Although it is widely recognized that the current political race is between Republican candidate Donald Trump and Democratic candidate Hilary Clinton, there are many people would be at pains to remind us that there are more people in the race. Online I have been treated to a great many advertisements for the Libertarian candidate, Gary Johnson, who seeks to remind us that he is the only adult in the race and often polls at present close to 10% or so, and Green candidate Jill Stein manages to poll around 2% or so, enough to pull a Nader and give Trump a close win in some states, perhaps, like Nader did for Bush in Florida in 2000. So too in 1858 there were more than just Lincoln and Douglas competing for the Senate in Illinois that year. Although we may forget it, there was a third party challenge to Douglas that year from a Democrat who supported the president, James Buchanan, against Douglas. Of course, that third party challenge was not able to get into the debates, as Lincoln and Douglas agreed to a debate on terms that focused the attention on the two of them and denied the National Democrat challenge the opportunity to compete against Douglas from the right and allow Lincoln to have another person on the stage to tag team with in opposition to Douglas. In this, our contemporary political candidates are not so different from Lincoln and Douglas in wanting to consider themselves alone to be viable candidates.

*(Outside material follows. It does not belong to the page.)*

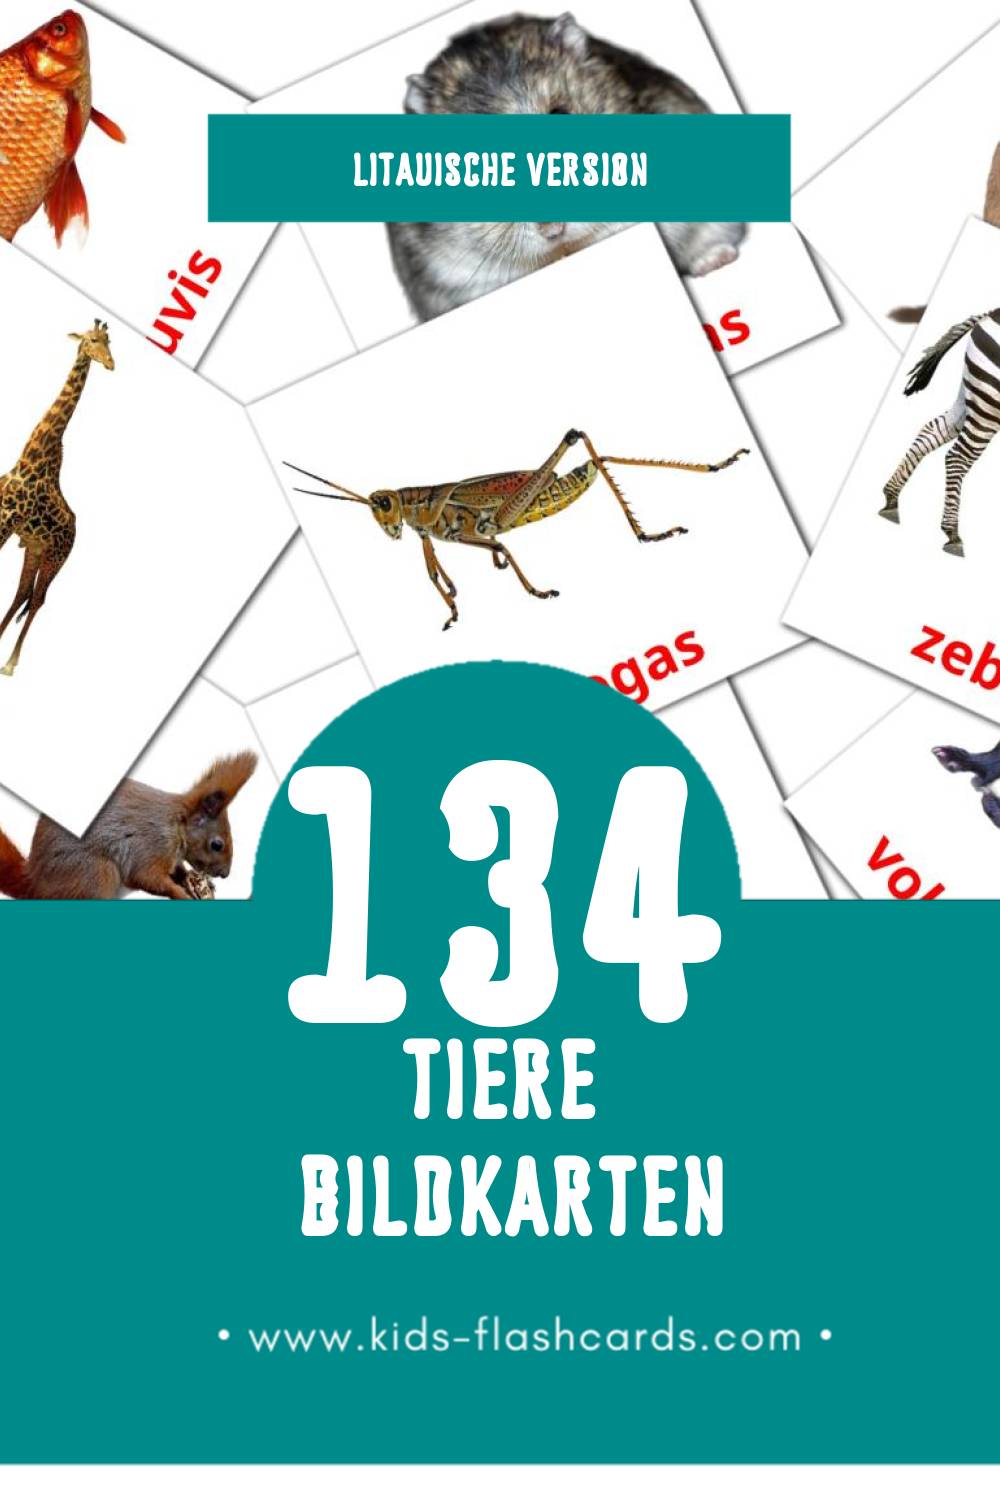 Visual Gyvūnai Flashcards für Kleinkinder (134 Karten in Litauisch)

One of the most just complaints that could be made about the two candidates last night was that neither of them could stay on topic and both of them wanted to pivot as quickly as possible to their own talking points without answering the question asked by the ineffectual moderator. Perhaps Trump and Clinton are simply jealous of the freedom that Lincoln and Douglas had to do the same thing. There was no moderator between Lincoln and Douglas to ask the two of them questions, as instead one speaker would have a full hour to talk about whatever he wanted, the second speaker would have a full hour and a half of rejoinder, and then the first speaker would have a half hour to close, alternating during the seven debates between the two. Both of these men had their own talking points, both of them had accusations they would use against the other to score points with the elusive moderates in the middle of the state as the two of them tried to play to their base in a campaign that was harshly segmented by population with a very narrow band that was actually in play between the two. The desire to focus on one’s own message, the avoidance of certain topics, and the geographical divide between two candidates is not something that is new to our own campaign–Lincoln and Douglas, when they debated, focused mainly on nasty personal attacks and race-baiting, something that is not very unfamiliar to contemporary political campaigns, and avoided a whole host of economic issues in order to focus on social issues as well as attempts to paint the other candidate as unacceptably patriotic or moderate to be electable. Not much has changed there either.

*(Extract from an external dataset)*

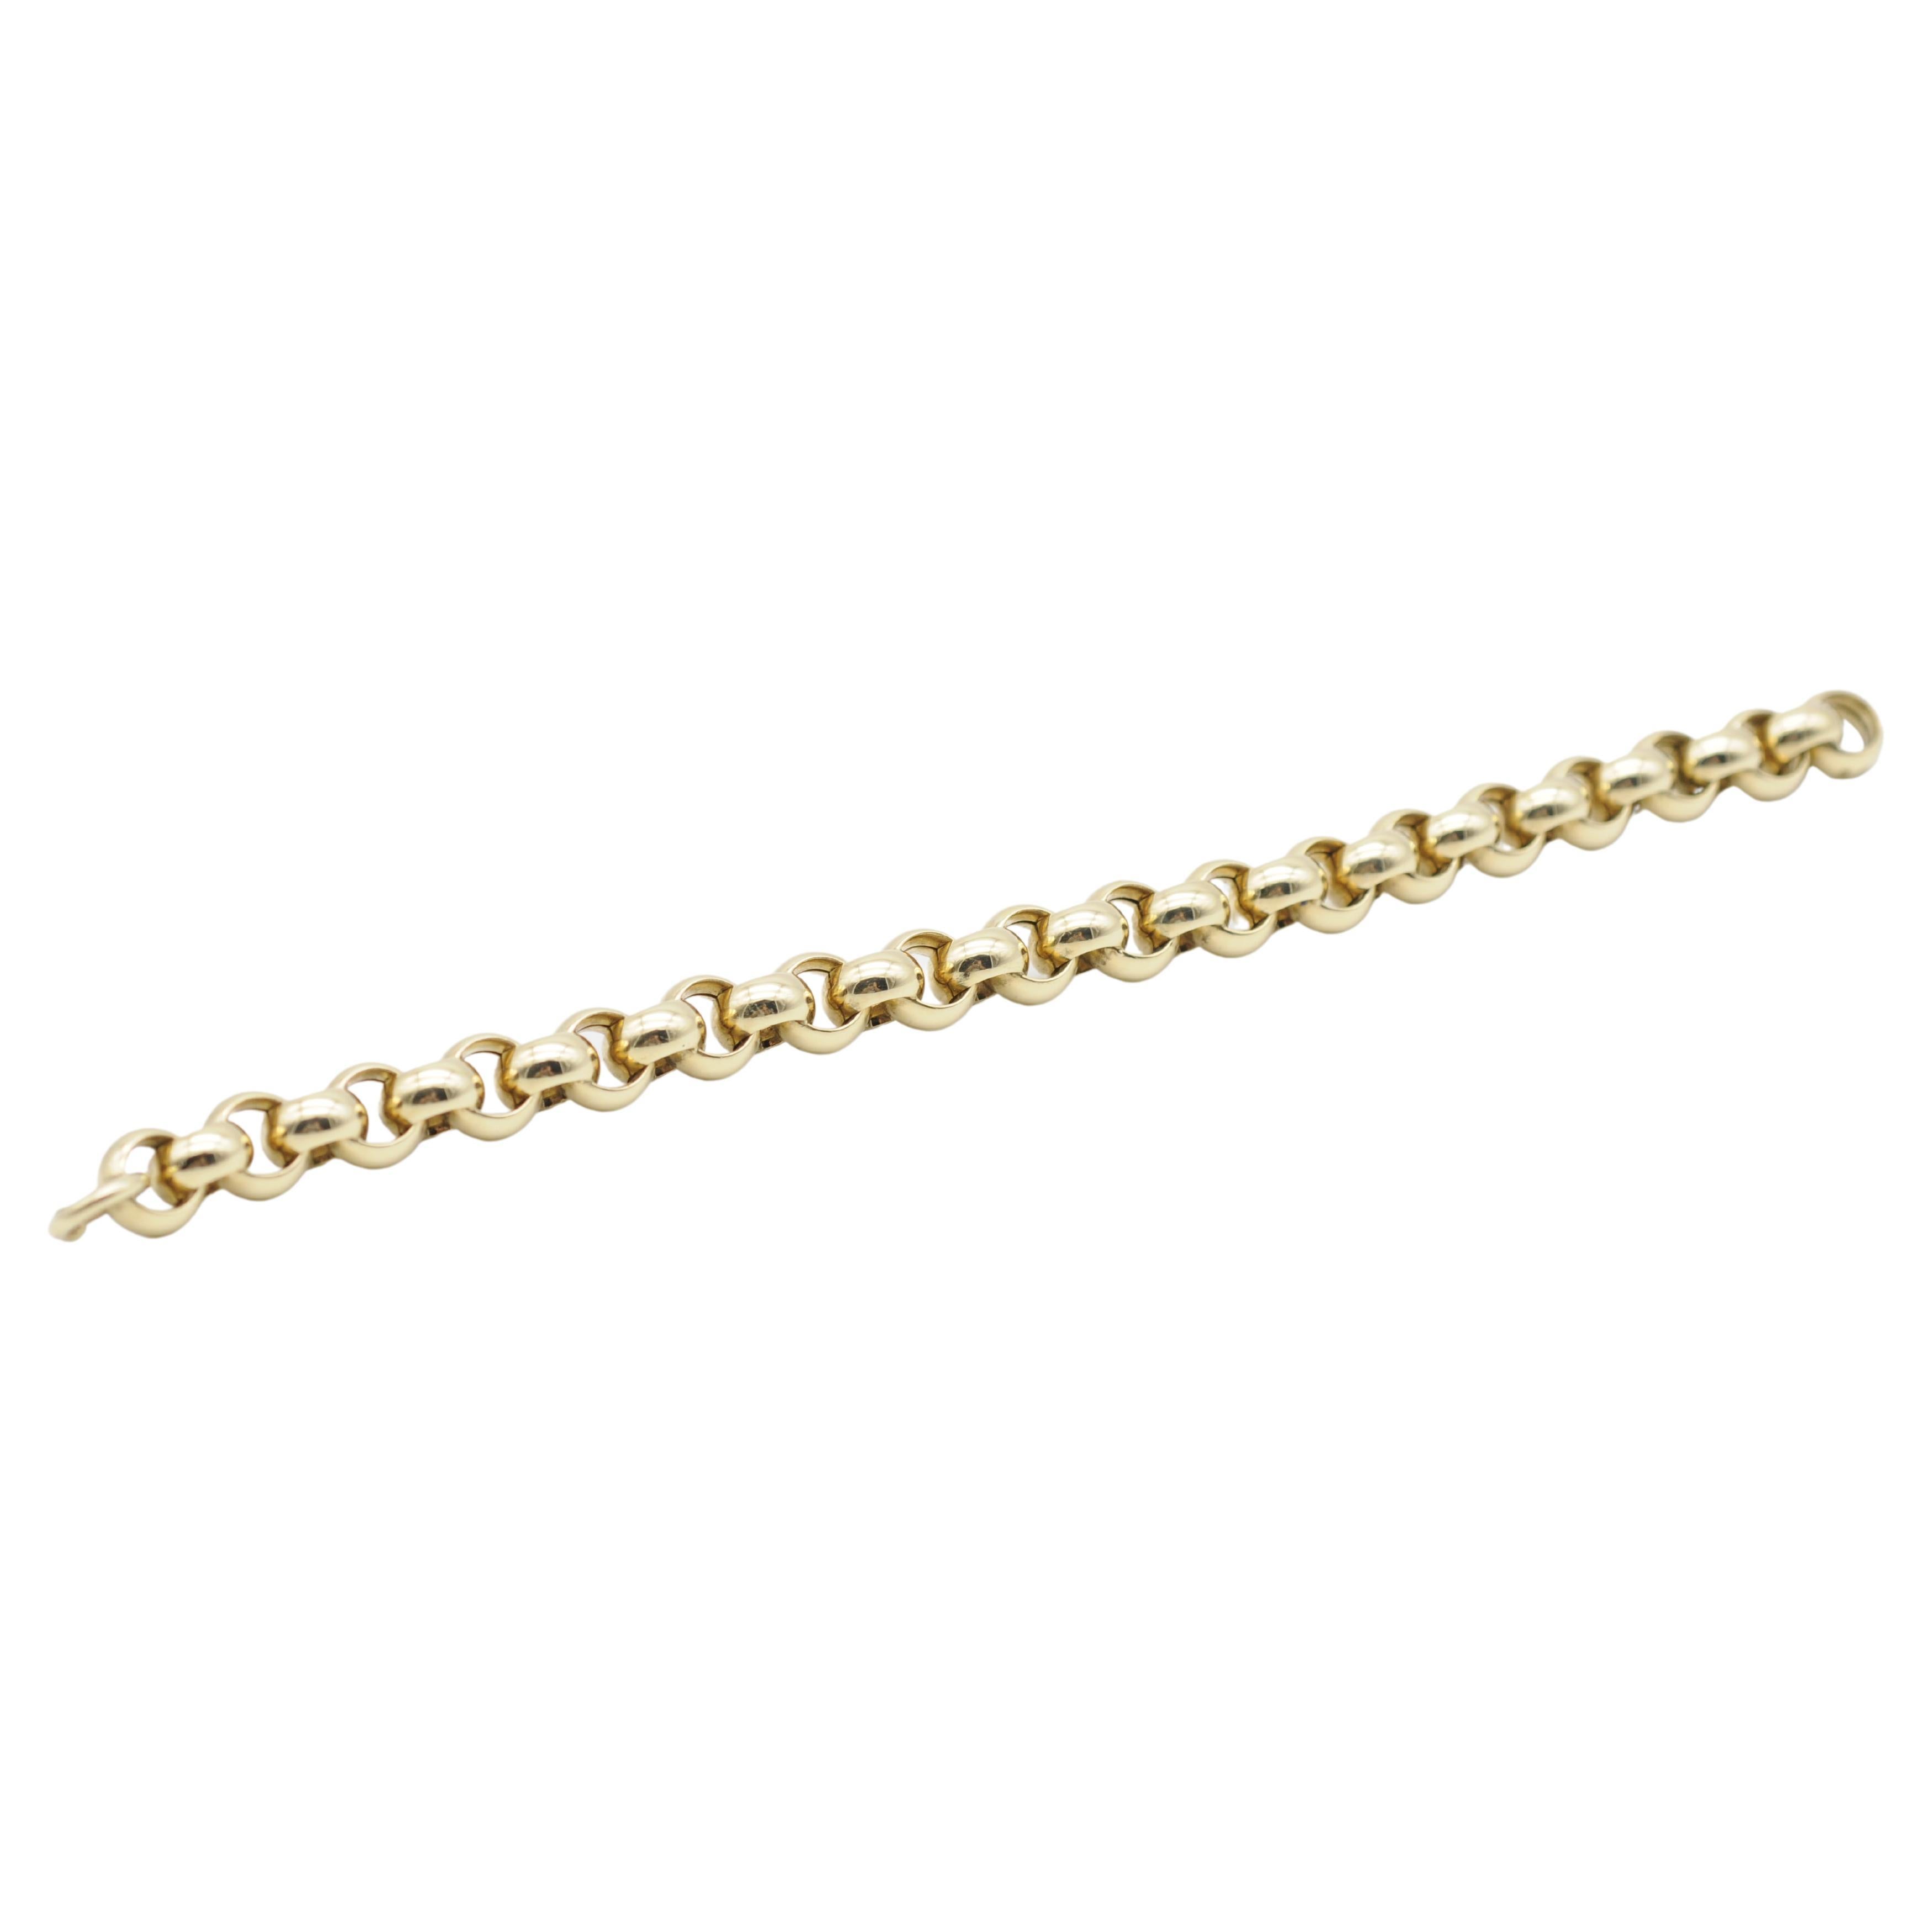 Le bracelet à maillons en or jaune 14k est un bijou exquis qui ne manquera pas de faire tourner les têtes et d'attirer l'attention. Ce superbe bracelet présente un design épais et luxueux qui dégage un air de sophistication et d'élégance.

Fabriqué

There is, however, a clear area of difference between the Lincoln-Douglas debates and our contemporary imitations. This difference exists both in the candidates themselves and in we as voters. In the mid-1800’s, the American public was particularly astute and knowledgeable in politics. This does not mean their political views were sound–witness the fact that millions of people followed the secessionists of 1860 to fight for one of the worst causes known to mankind, worse than almost any, except perhaps Hitler’s Germany, from a nation that was at least nominally a republic–it just means that they were interested in political matters and argued about them with a great deal of seriousness. These were audiences who could relish listening to two political maestros like Lincoln and Douglas debate each other for three hours probing for weaknesses and seeking to demonstrate themselves as statesmen of the first order. Our current crop of political leaders is hopelessly outmatched as far as their sophistication as political philosophers. And we as an audience are hopelessly outmatched because we would likely be bored if we were watching the Lincoln-Douglas debates, given that most of us could not stand to listen to three hours of sustained political discussion ourselves and follow what was going on in the least. And that is our loss–see what we have to choose from. Either Lincoln or Douglas would have been light years ahead of what we have to choose between. And so we laugh, because if we did not laugh we could only cry.